Referring to fig. 1, the multi-target tracking method according to this embodiment may include the following steps:

step S101, during tracking a plurality of targets, acquiring a tracking result of a first target in the plurality of targets at the current moment;

step S102, if the tracking result is unmatched tracking, determining a cluster to which the first target belongs according to the historical detection results of the multiple targets, wherein the multiple targets belonging to the same cluster have the same object attribute and similar motion attribute;

step S103, restoring the track of the first target at the current moment according to the detection result of the targets in the cluster except the first target at the current moment and the relative motion relationship among the targets in the cluster.

In step S101, a tracking result of each target at the current time is obtained, where each target may be used as the first target to execute a subsequent scheme.

Further, the target may be an object that is perceivable around the unmanned vehicle. The objects may include people, cars, animals, plants, traffic lights, and other traffic participants.

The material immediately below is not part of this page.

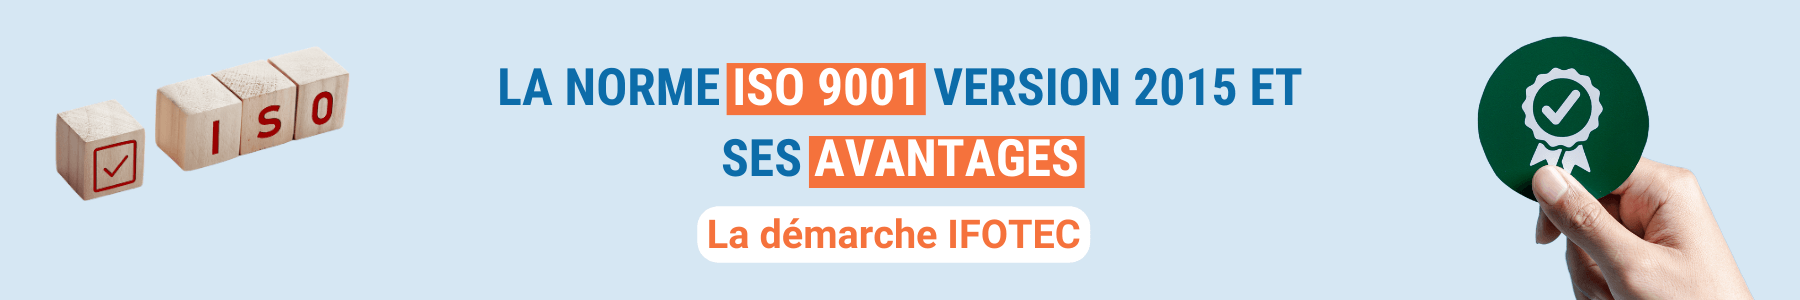 La norme ISO 9001:2015 et ses avantages. La démarche IFOTEC

Further, the detection result may be characterized based on the detection box. The detection boxes are in one-to-one correspondence with dictionaries, and the dictionaries comprise at least one of the following contents: identity Information (ID) of the tracked object (i.e., target); the position, size, movement speed and size change speed (bbox) of the detection frame; the tracking status of the track (is _ committed _ or _ not); number of frames (age) for track maintenance. The corresponding relation between the dictionary and the detection frame can be stored in a database and obtained by calling when needed.

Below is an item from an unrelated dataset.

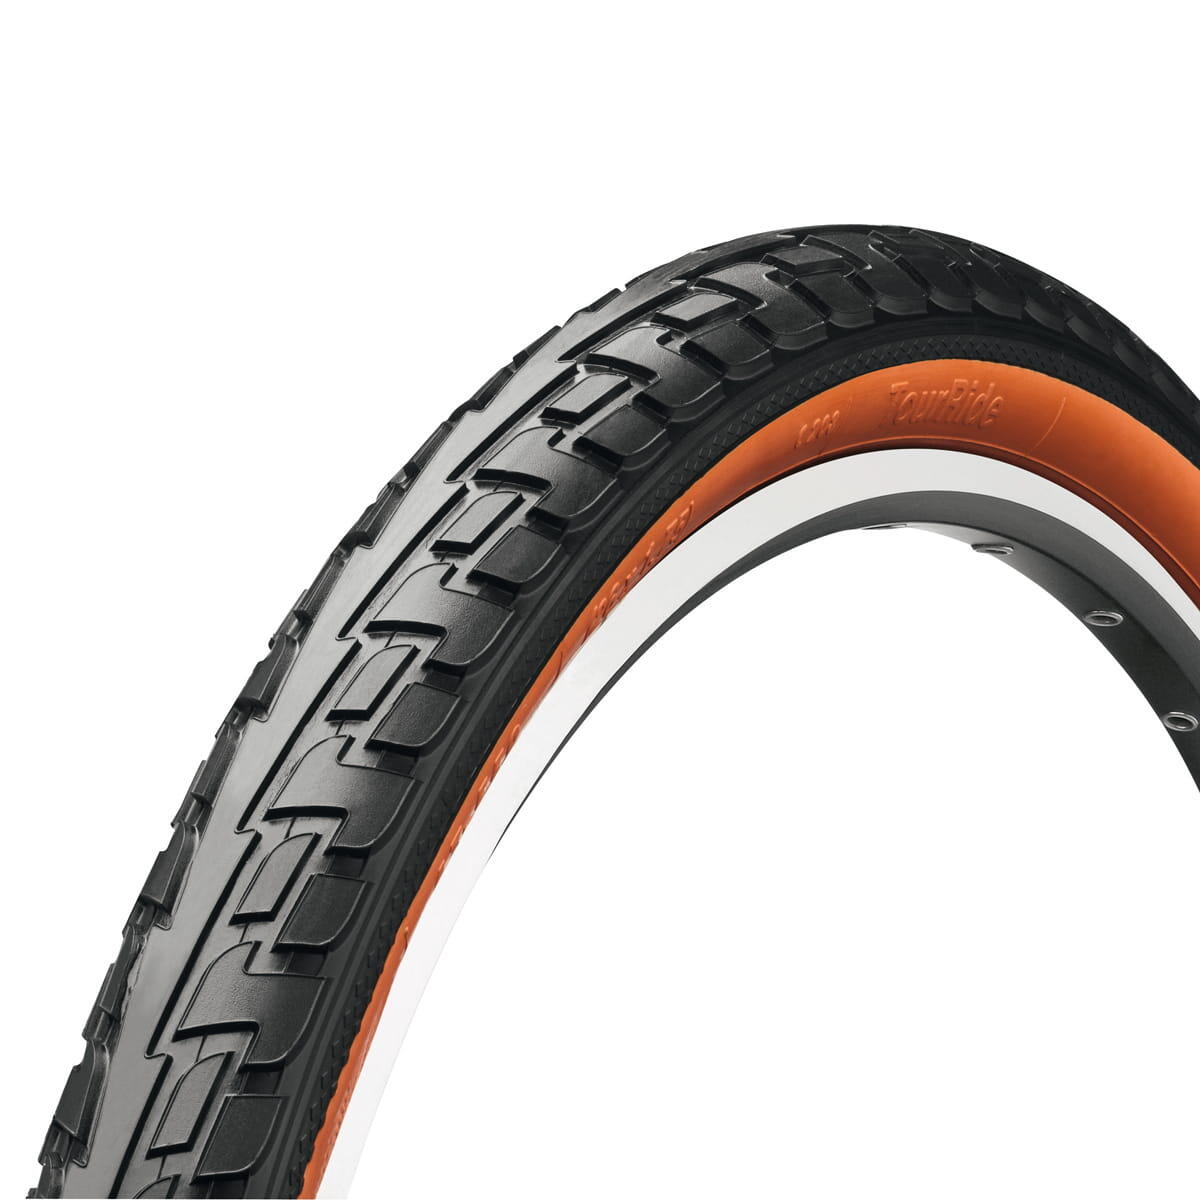 RIDE Tour Reflex Tyre-Wire Bead Urban Black/Black Reflex 700 X 47C (45C) 4/5

For example, the position of the detection frame may be represented by the center point of the detection frame.

For example, the three-dimensional boundary information of the object may be described by the size of the detection box.

For example, the tracking state of the trajectory includes tracking of a deterministic state and tracking of an indeterminate state. When the same target is detected in three continuous frames, the target corresponds to the dictionary of the detection frame, and the tracking state of the track is marked as the tracking of the determination state.

Further, the detection result may be a three-dimensional detection result, or may be a three-dimensional and two-dimensional detection result. The detection result may be obtained from a target detector whose input is environmental data around the drone vehicle collected by the monocular camera and/or radar.

Further, the tracking result may refer to a matching result. During tracking, the tracking result for each target at each time can be classified into unmatched detections (unmatched detections), unmatched tracks (unmatched tracks), and matched pairs (matches, also called matching success). Wherein the unmatched trace indicates that although the position of the target at the next time is predicted, the detection frame detected at the next time does not match; the detection of no match indicates that there is no detection on the match, which indicates that a new target to be tracked appears.

In one implementation, referring to fig. 2, the step S101 may include the following steps:

step S1011, predicting the prediction result of the first target at the current moment according to the historical detection result of the first target;

step S1012, performing target matching between the prediction result and the object detection result obtained by the current time detection to obtain the tracking result of the first target.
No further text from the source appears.